Alice Marie Coachman (born 9 November 1923 in Albany, Georgia) is an American former athlete. She specialised in high jump, and became the first black woman to win an Olympic gold medal with her win in the high jump in London in 1948.
The fifth of Fred and Evelyn Coachman’s ten children, Alice Coachman grew up in the segregated South. Barred from public sports facilities because of her race, Coachman used whatever materials she could piece together to practice jumping. Coping with a society that discouraged women from being involved in sports, Coachman struggled to develop as an athlete.
When she reached high school, she easily made the track team.

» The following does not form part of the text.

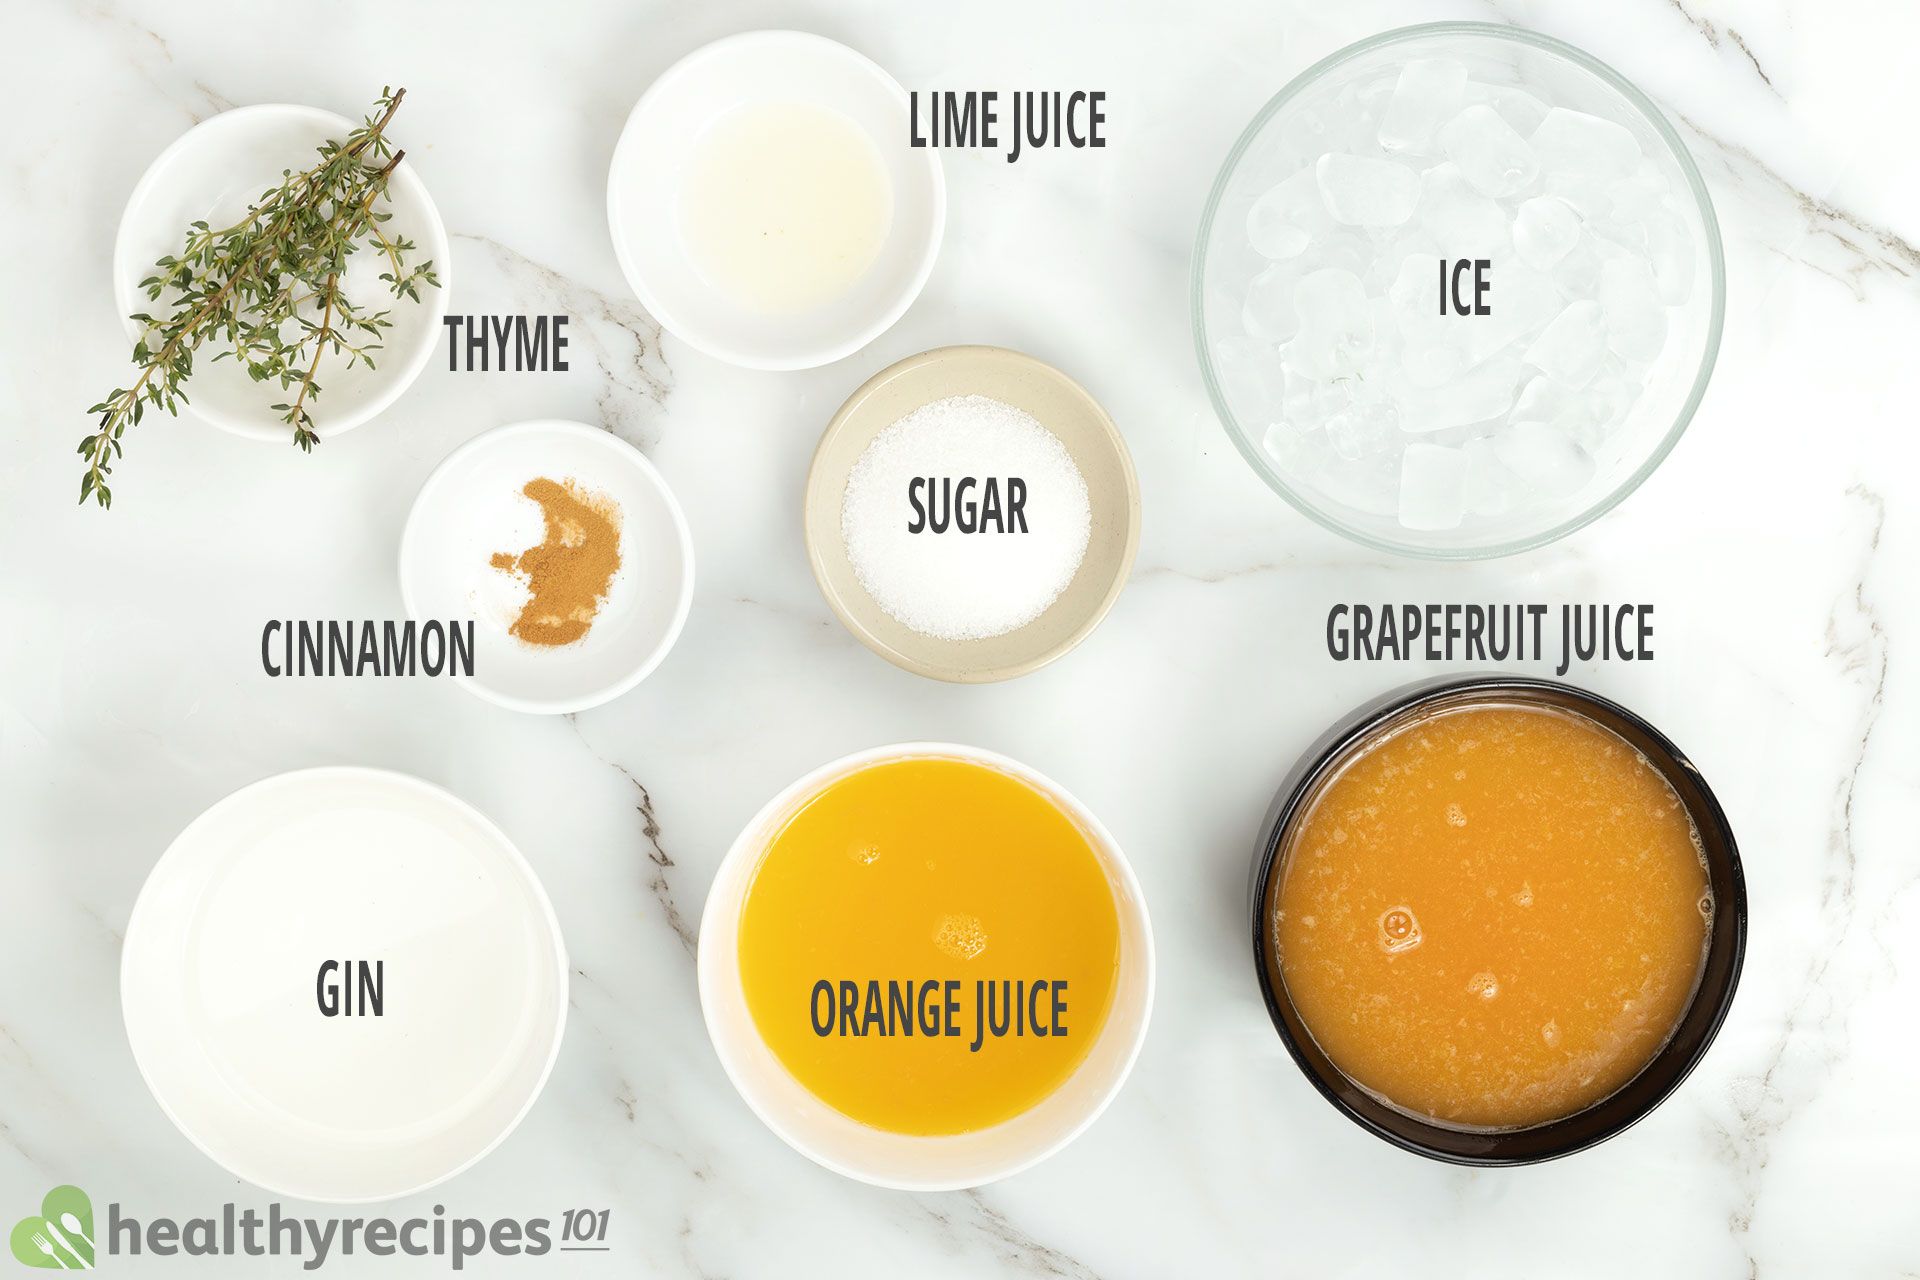 Gin and Grapefruit Juice Ingredients

Tuskegee Institute recruiters began to notice her, and her coaches encouraged her to enrol there, thinking it would be an excellent opportunity for her.
By the time she graduated from Tuskegee Institute, she had a trade degree in dressmaking, and had captured four national track and field championship titles in the fifty and hundred-meter dashes, the four-hundred-meter relay, and the running high jump.
In 1948 Coachman joined the American team for the London Olympics. Even after becoming injured during a high jump event, Coachman went on to jump five feet six and one-eighth inches. This was a new record and allowed her to win the only gold medal for the American women’s team.
When she arrived home after the Olympics, most of the major American newspapers didn’t even mention her, but in her hometown they did! She was escorted home and received a warm welcome from friends, family, and the chief of police, who was standing in for the mayor at the time.
Coachman went on to teach physical education for a high school in Albany, Georgia. She had two children and coached their sports teams as they grew up. She was inducted into the National Track and Field Hall of Fame in 1975.